I think I read Taylor Caldwell's autobiography On Growing up Tough when I was a child. Somehow I had an impressive impression of her, but I believe this is actually the first novel of hers I've read.
The woman wrote over 40 novels I believe. She was a brilliant novel spewing writer with a capital W. She wrote her first novel at age 12.
First I was impressed with her sheer intelligence just jumping off the page. I was pulled into the story immediately. She's a masterful wordsmith and character builder.
I love history, and this is definitely a historical novel.
She reminds me a little of Pearl Buck - both my impression of her character and her drive, ambition, and genius. I just confirmed that they were contemporaries - born around the beginning of the 1900s or so.
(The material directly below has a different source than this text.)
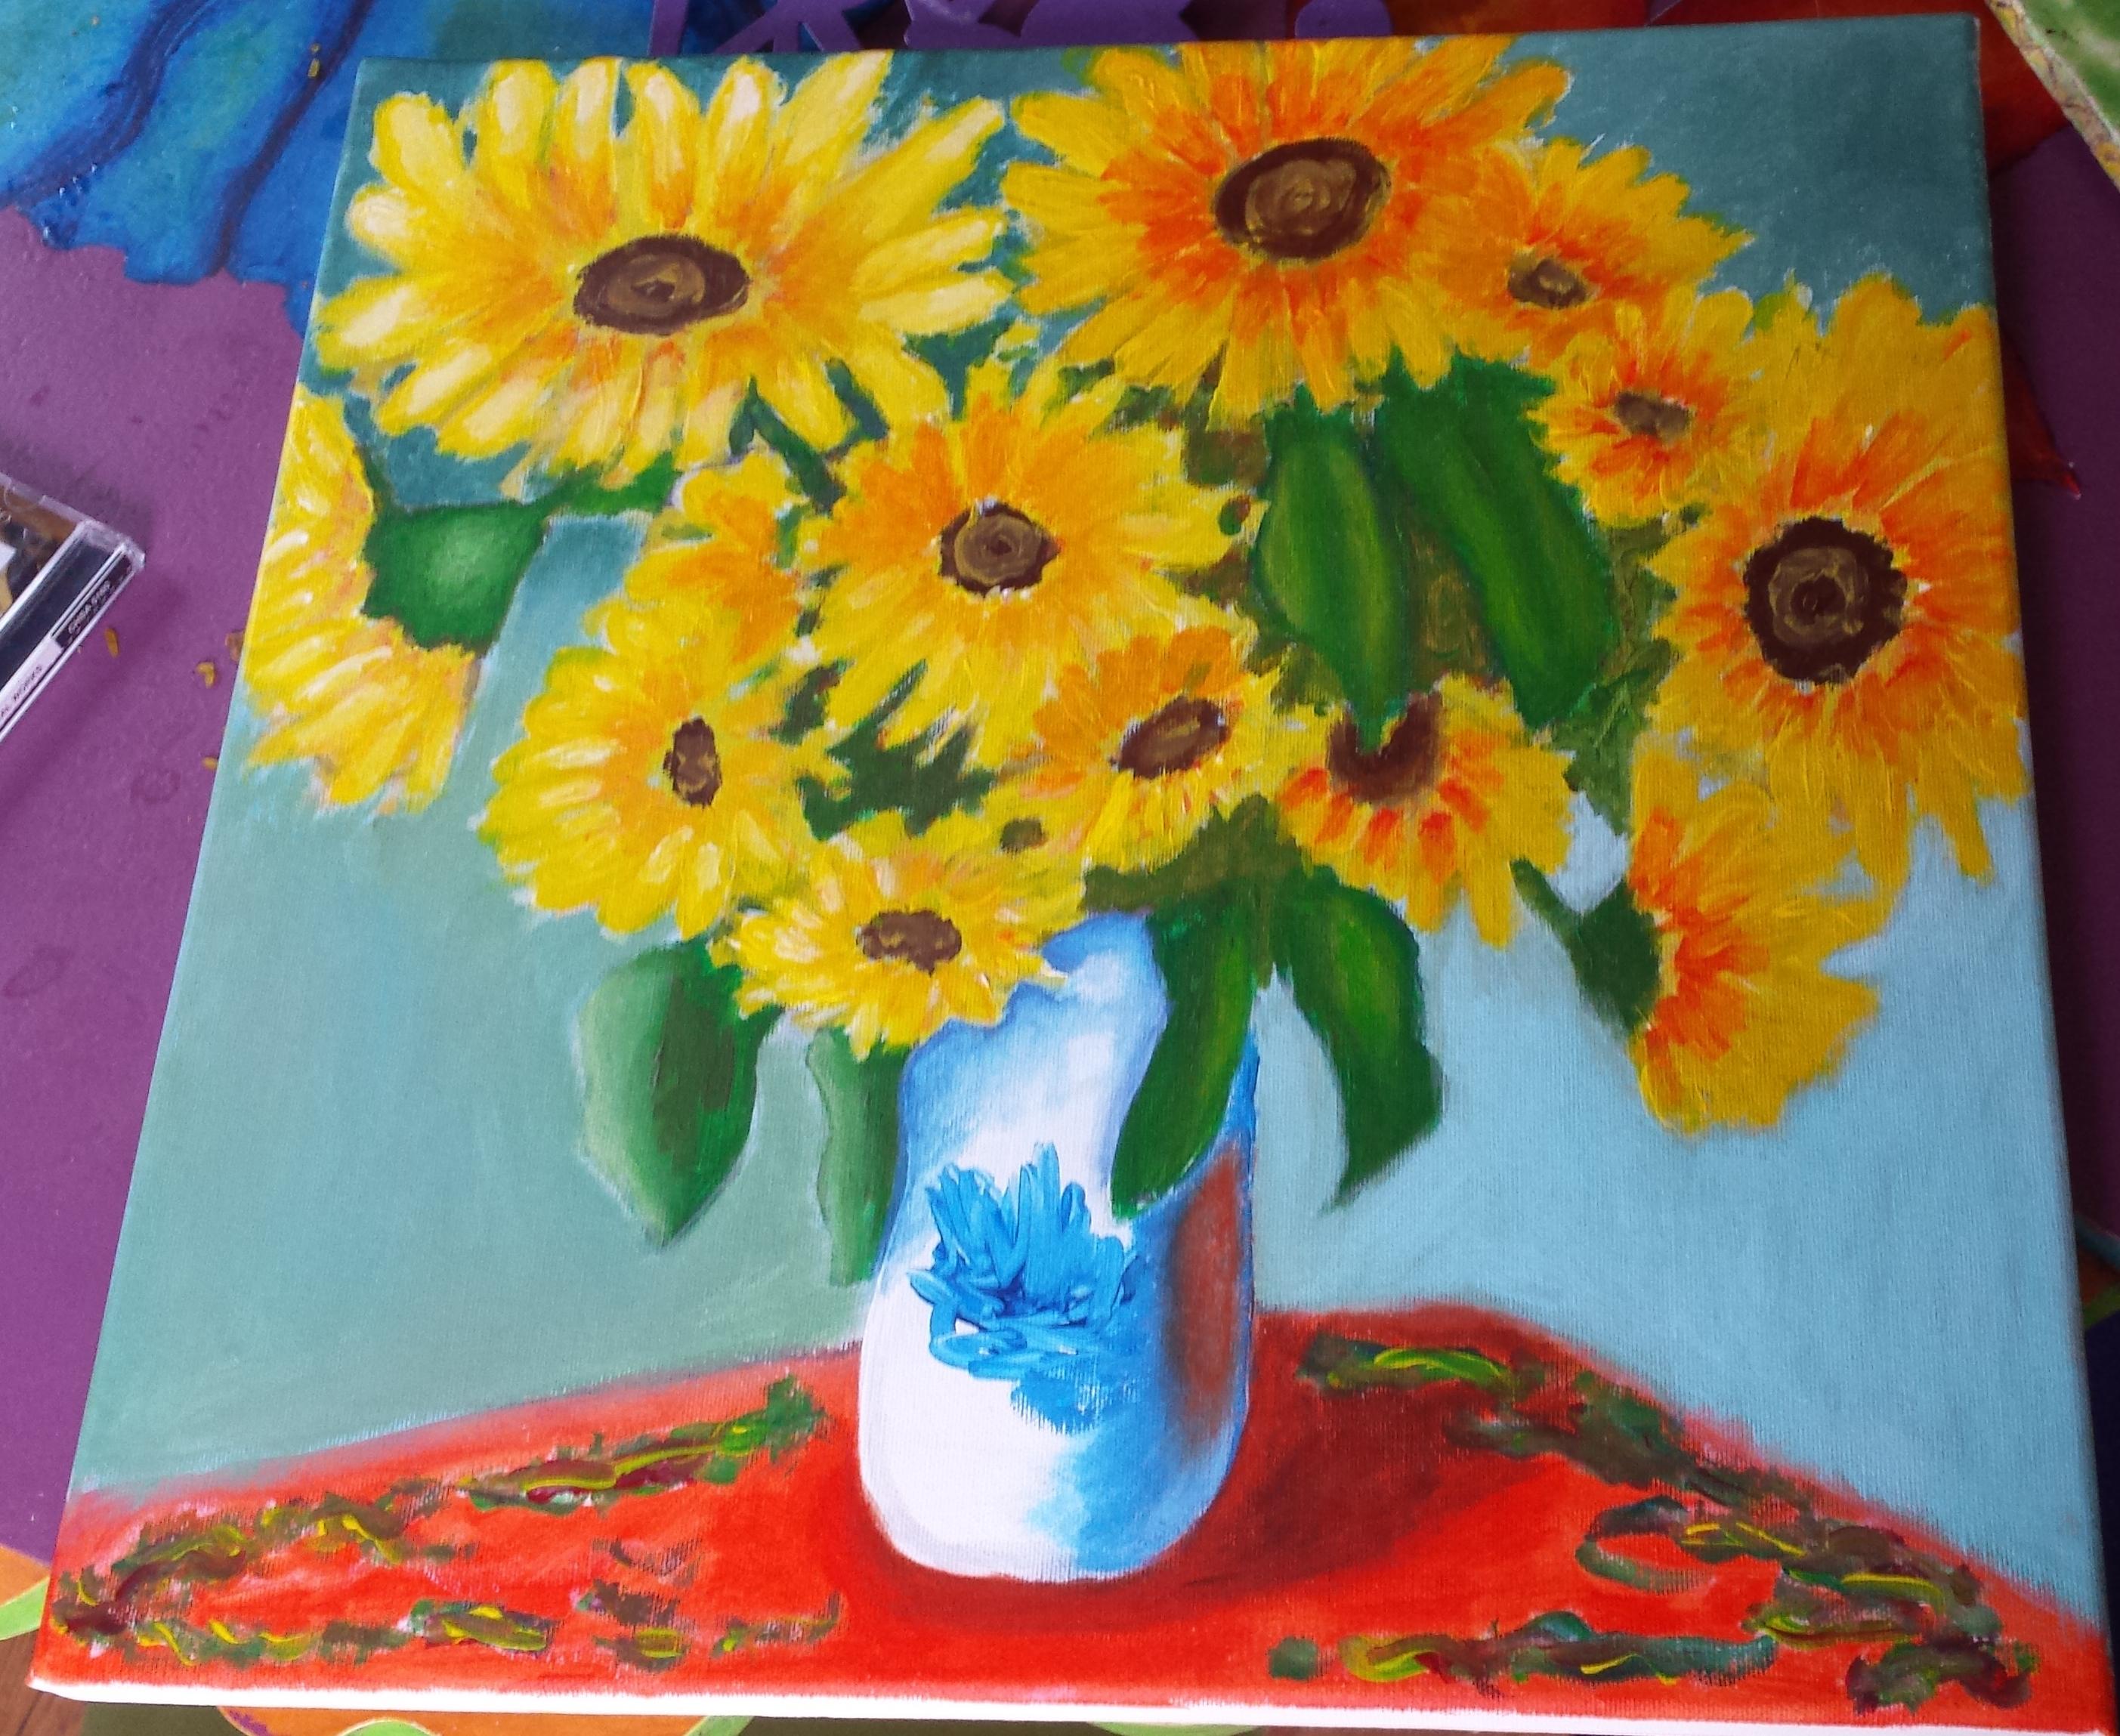 D'après_Bouquet_de_soleil,_Monet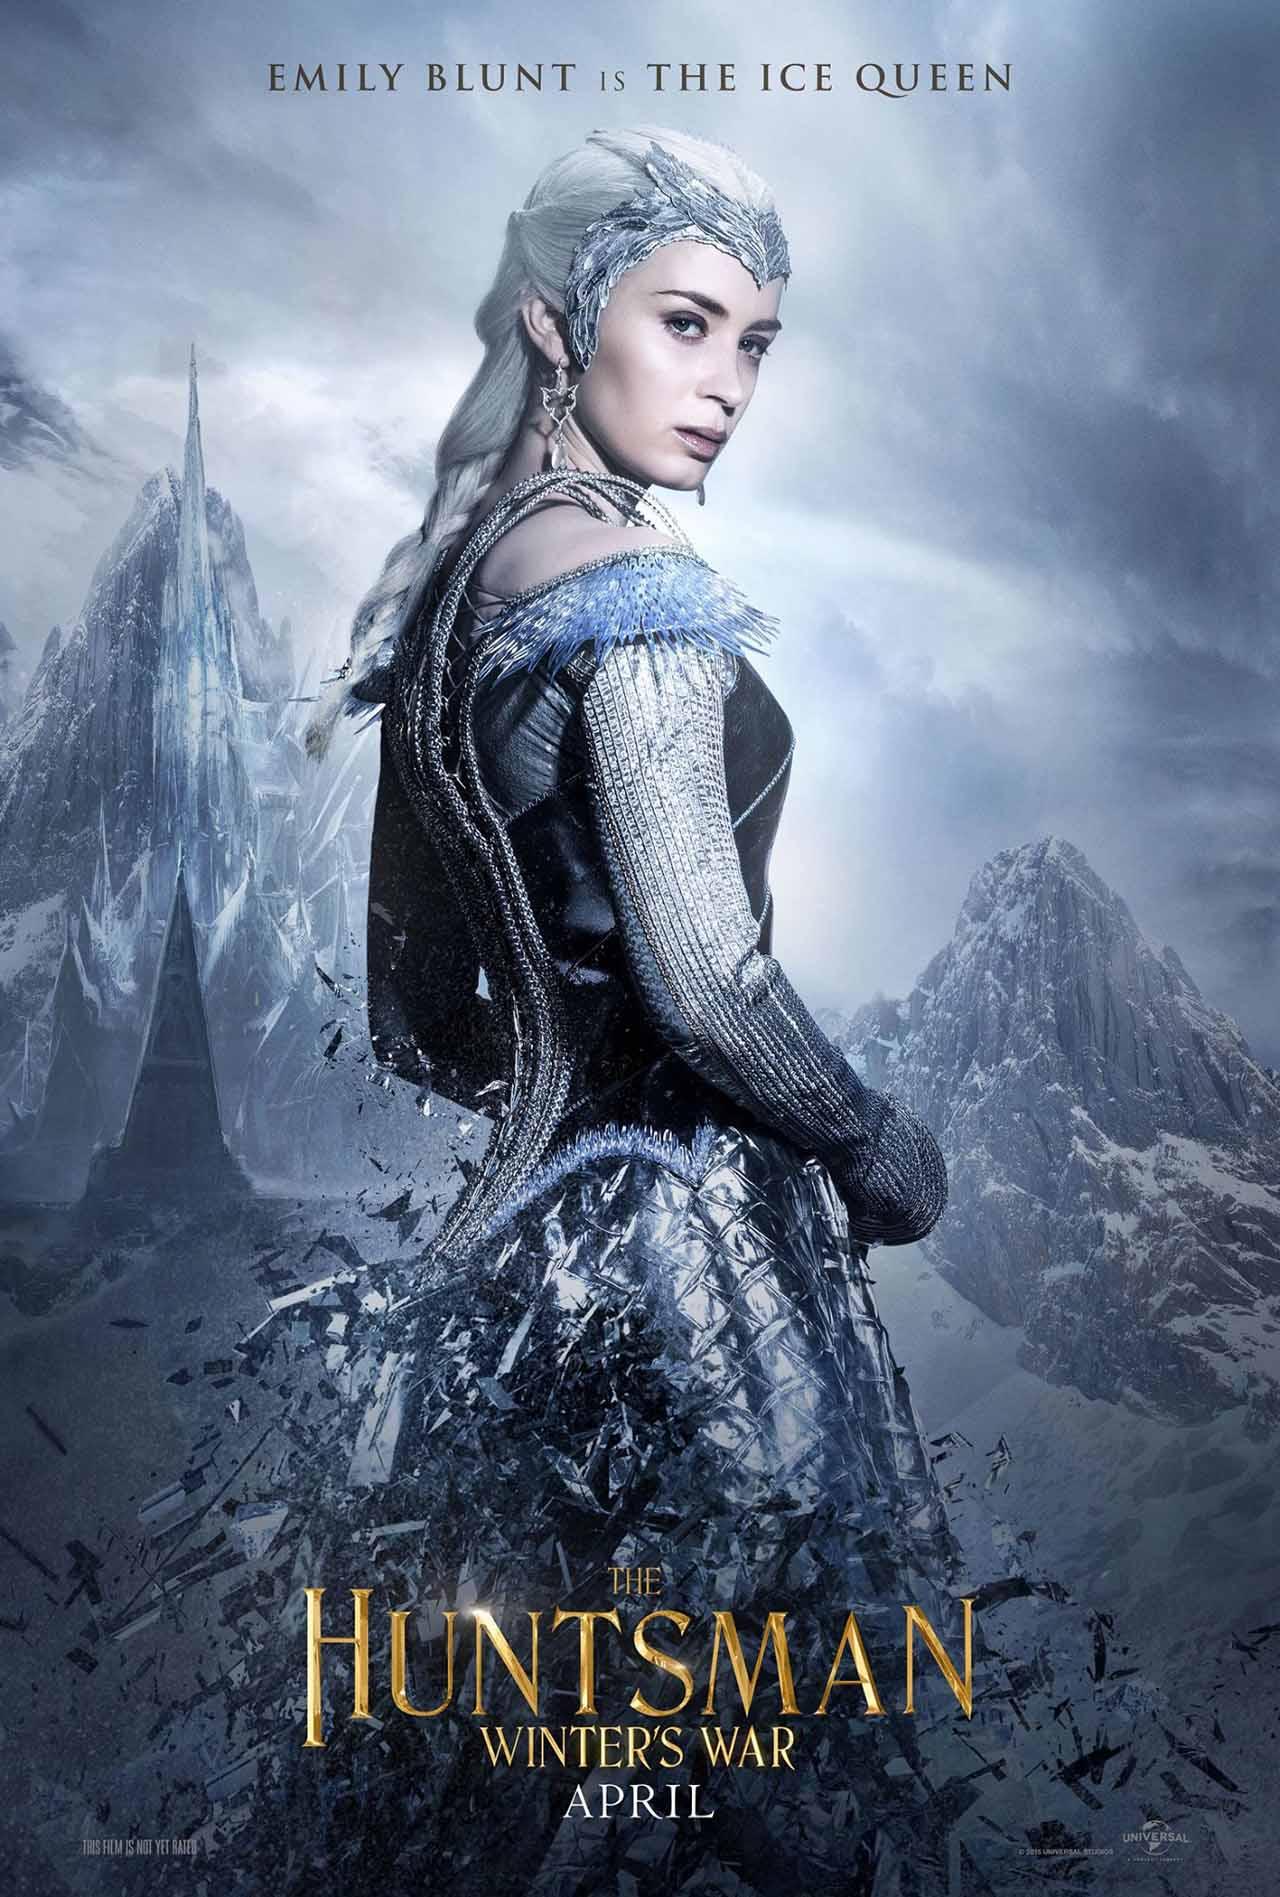 The Huntsman Winter's War: il character poster dedicato al personaggio di Emily Blunt

Taylor Caldwell isn't just telling a story here, I soon realized. She's inserting her political philosophy and perhaps hoping to influence the reader against the wiles of socialism and globalism. Her main protagonist, bitter, cunning, ascetic, and complex Irish immigrant Joseph Armagh (love that surname) uncovers the secret society that direct the affairs of finance, governments, and apparently the world. She continually mocks "common man" in its perpetual pursuit of a "rajah." They pretend to want independence but they really just want a charismatic leader to tell them what to do. I suppose we're all to some degree tribal. There's a reason why CEOs are usually tall. There are certain physical traits that people are drawn to and it comes straight from the amygdala, or wherever that grey matter is that goes underanalyzed.
If you're wanting to read a happy book, hurl this one in the opposite direction. It begins with starvation and tragedy, leads to wealth gained by vice and trickery, a mystical curse which leads to everyone's death, and unhappy marriages with intense idealized extramarital relationships that provide only temporary solace from the plunging darkness of the human tide.
I walk away wondering if there is a secret society with quiet men who plan wars. I did enjoy the way she portrayed such a variety of personalities and bents. There are some great characters in this book and kind of like Tolstoy - there is a real psychological study that has gone behind this - informally perhaps - but a kaleidoscope of people and their varying motivations and temperaments. She also inserts some analysis of the Irish and I love cultural studies. Hofstede's cultural dimensions are almost as interesting as Keirsey's Temperament sorter, but not quite. Don't worry Keirsey, I will stand by you.
I may pick up On Growing up Tough again and read it. I find myself more interested in the author than in reading more of her fiction at the moment. Also because I don't like to read fiction that's too sad. Life has plenty of sadness already. Thankfully I don't need for us to wait to figure out the perfect governing system in order to be filled with gratitude, love, and hope in this very moment.